What you should do » In the data below, begin at the line with "DutchessQueen_logo_blue-on-white.jpg" and stop after the line with "1999-2000 Scenery Unlimited"; output those lines exactly and no pictures.

Given information »
· · · · ·
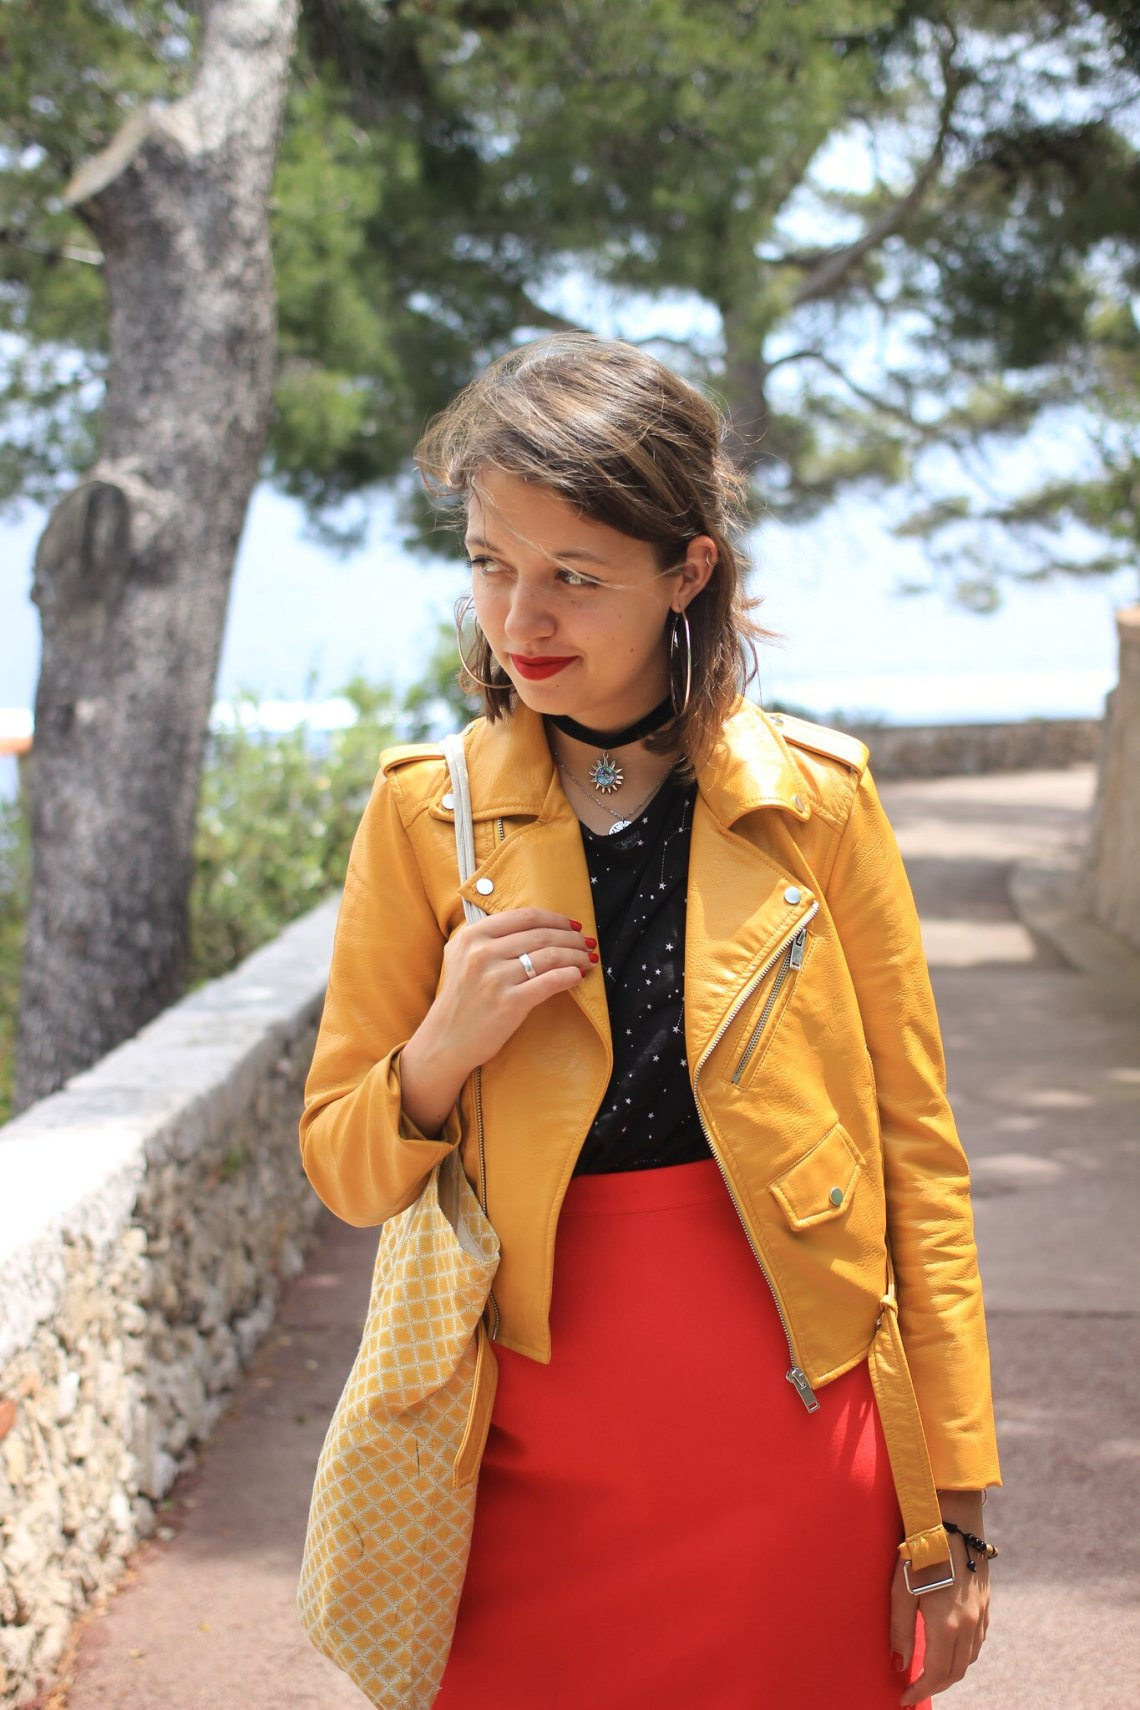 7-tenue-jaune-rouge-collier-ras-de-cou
· · · · ·
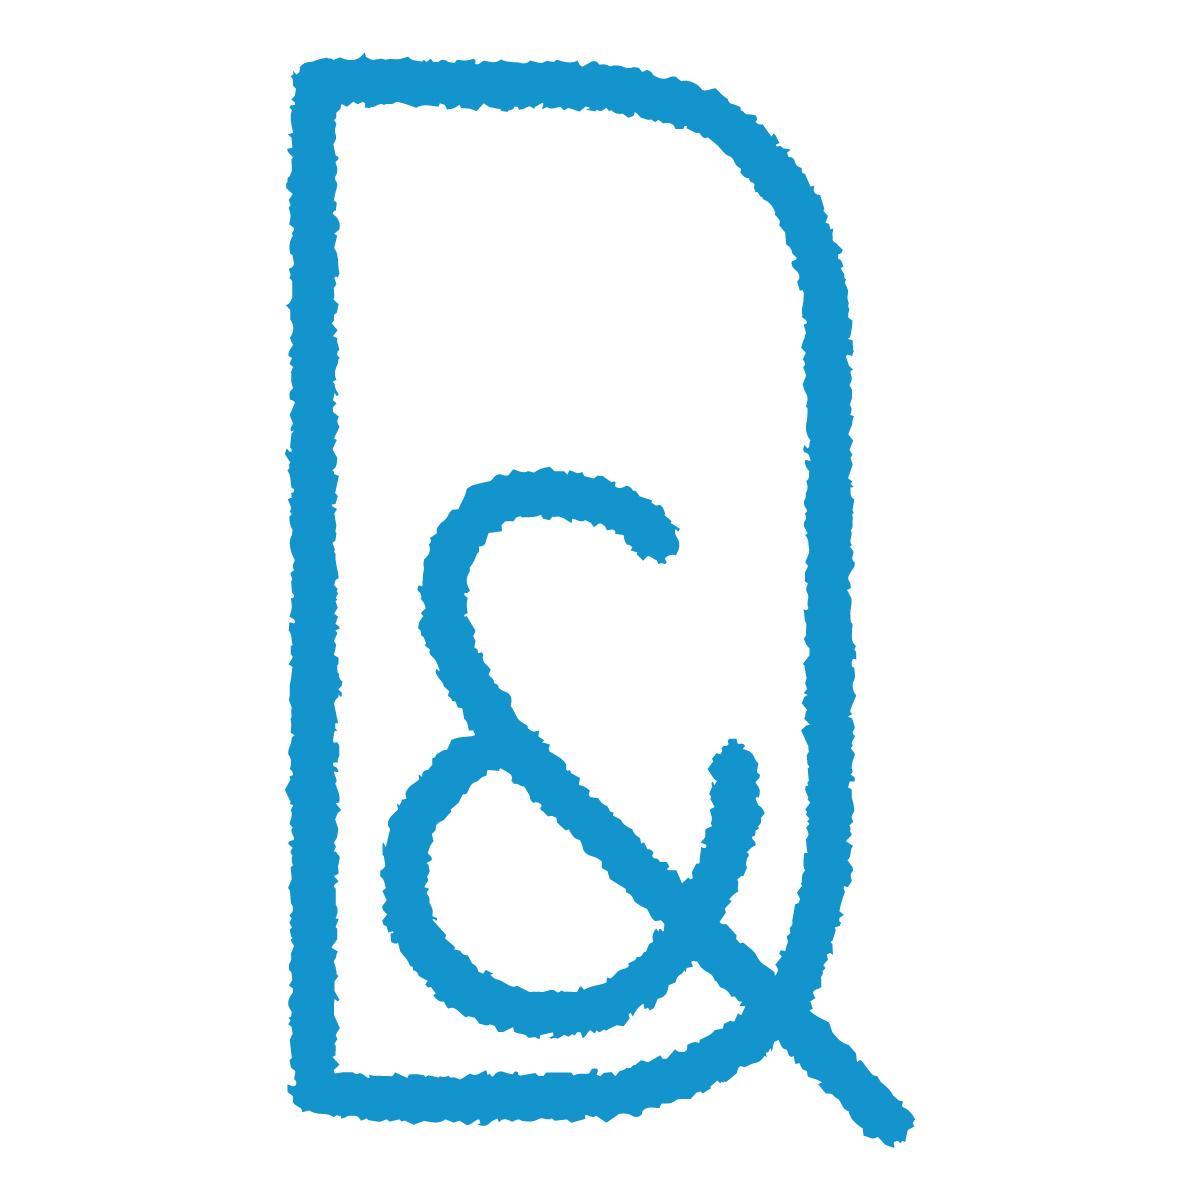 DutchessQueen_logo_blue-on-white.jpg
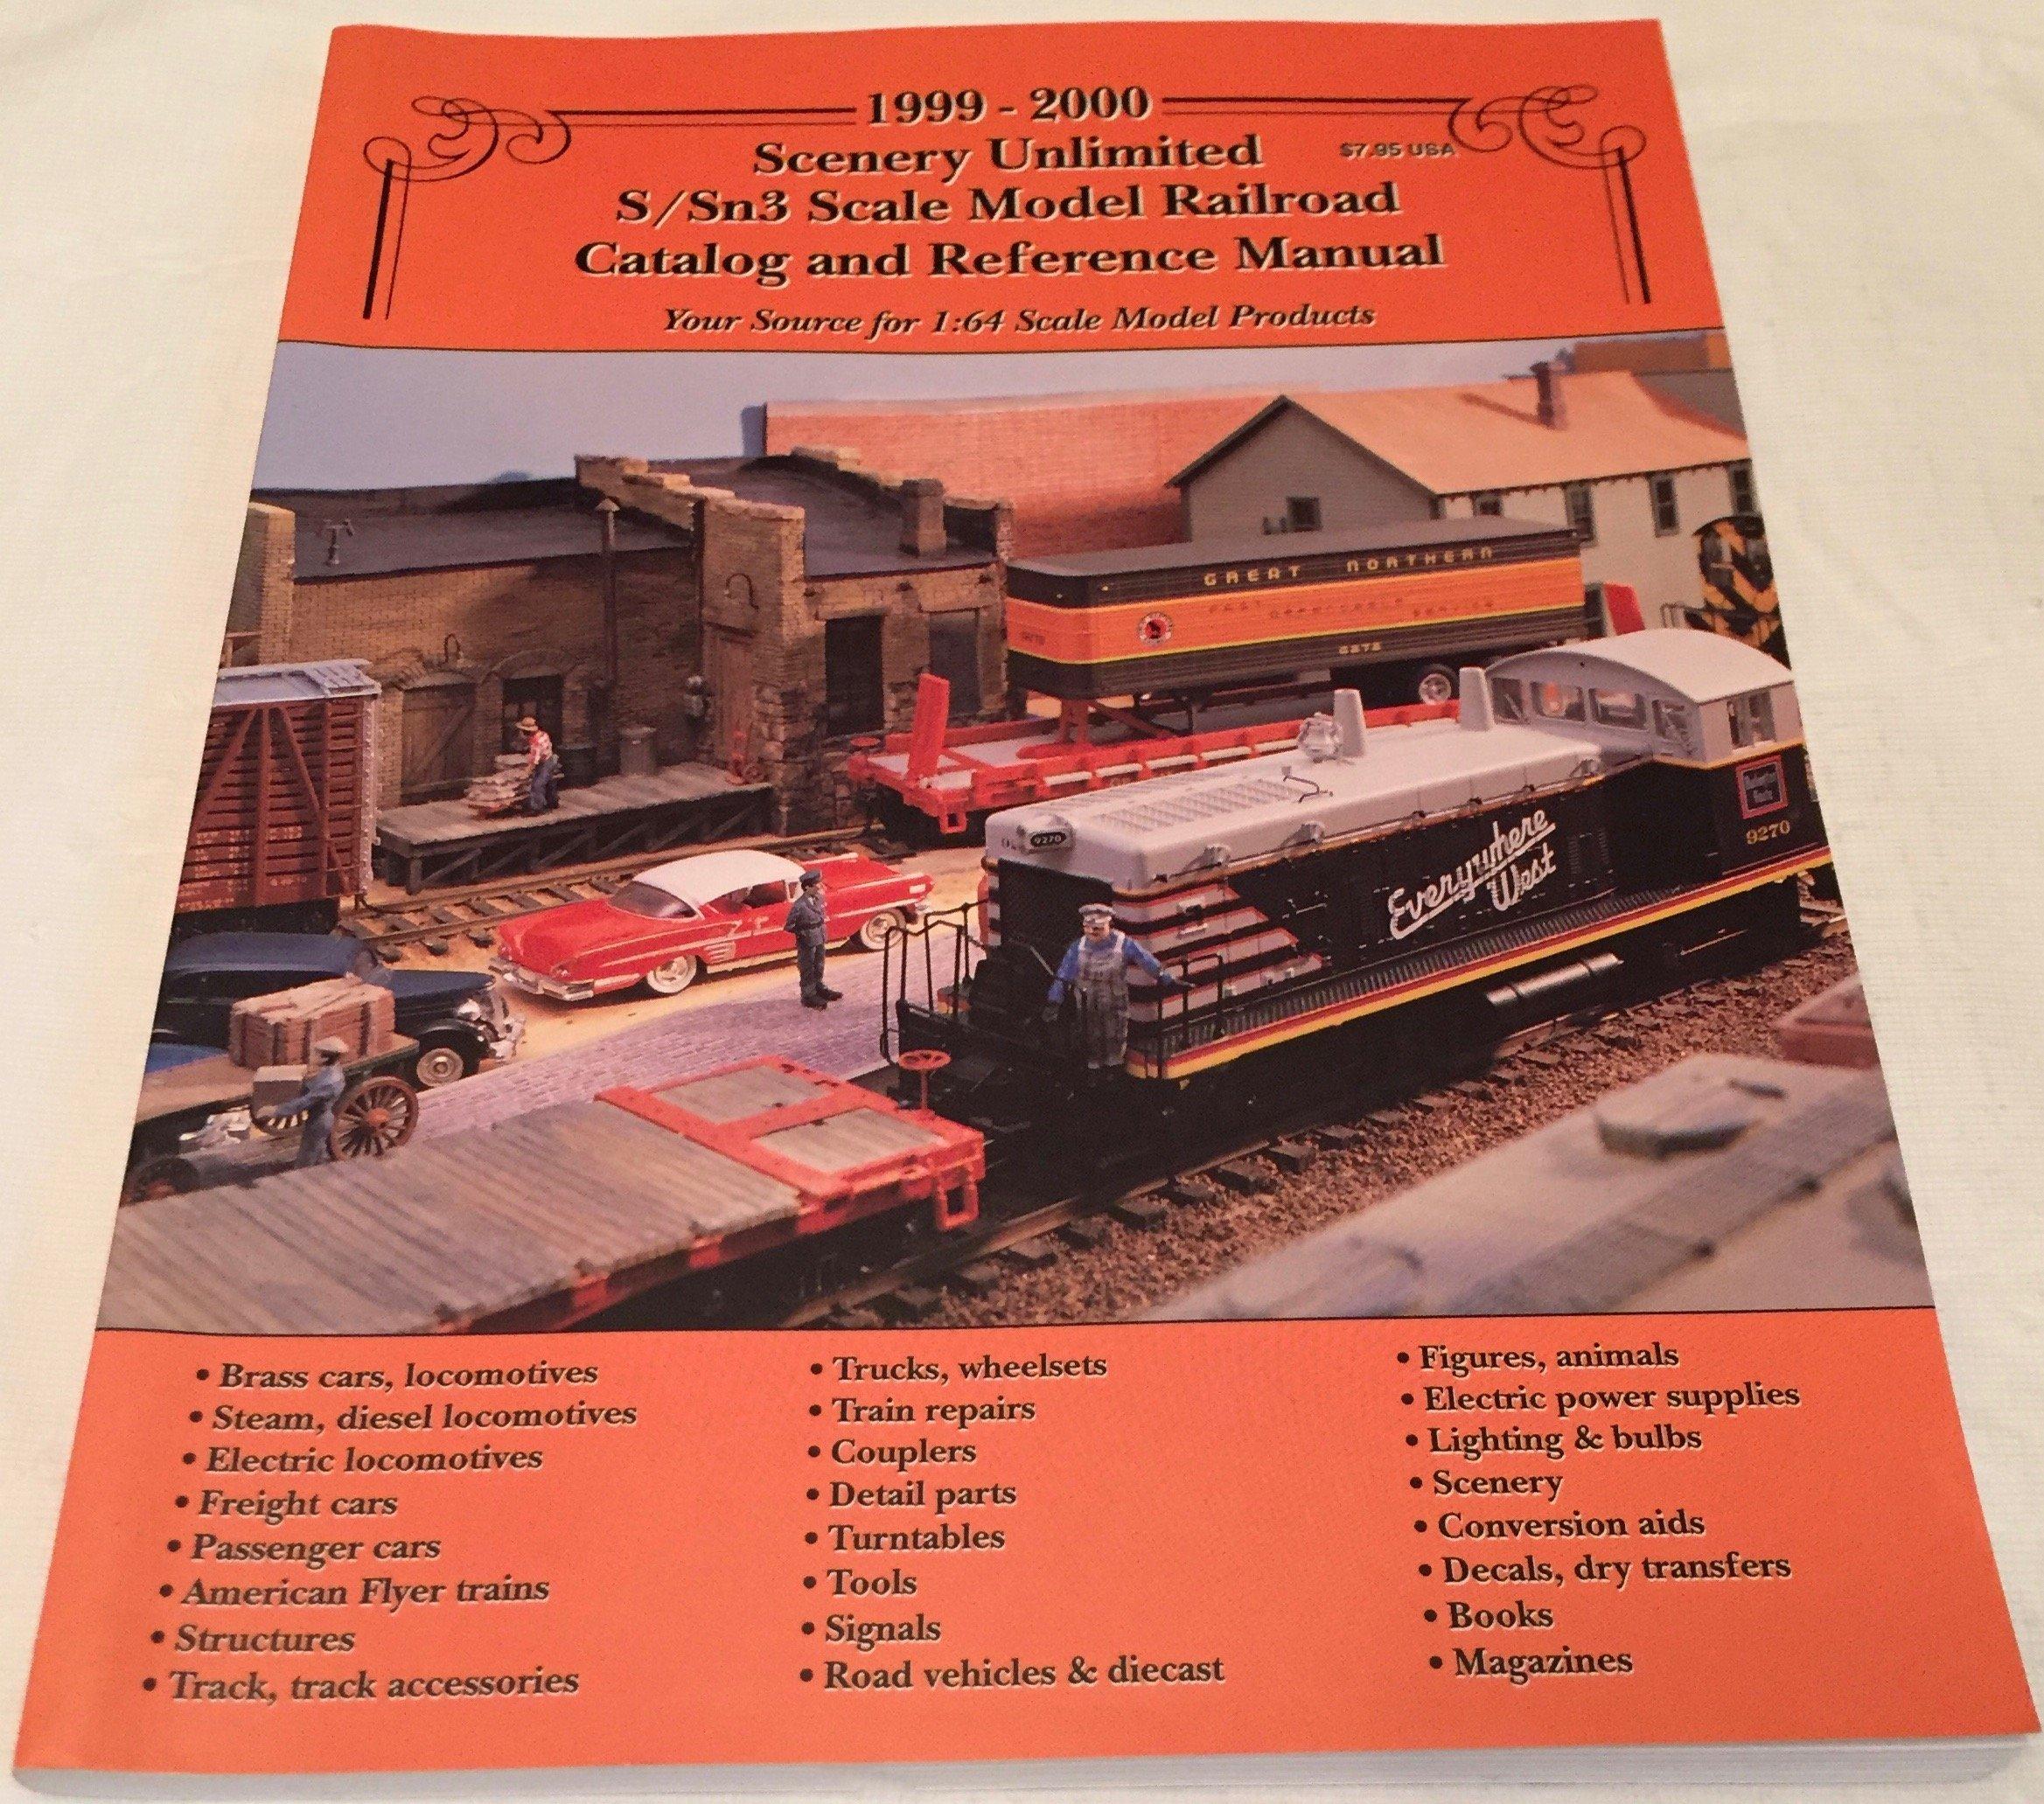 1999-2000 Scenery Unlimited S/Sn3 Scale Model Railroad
· · · · ·
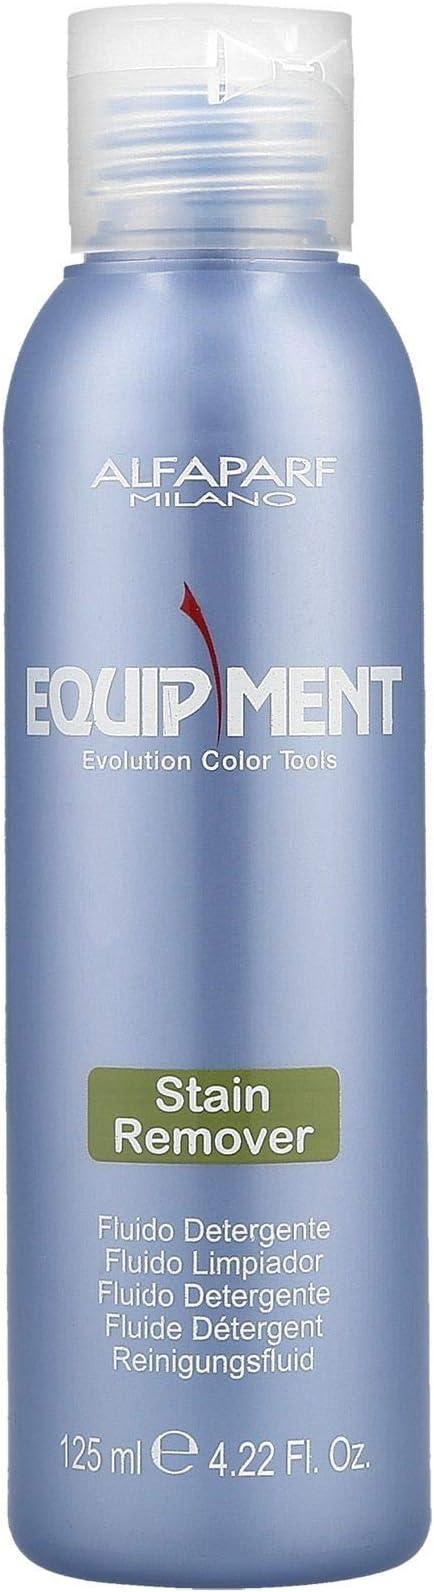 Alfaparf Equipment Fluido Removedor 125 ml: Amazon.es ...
· · · · ·
Reply to the task »
 DutchessQueen_logo_blue-on-white.jpg
 1999-2000 Scenery Unlimited S/Sn3 Scale Model Railroad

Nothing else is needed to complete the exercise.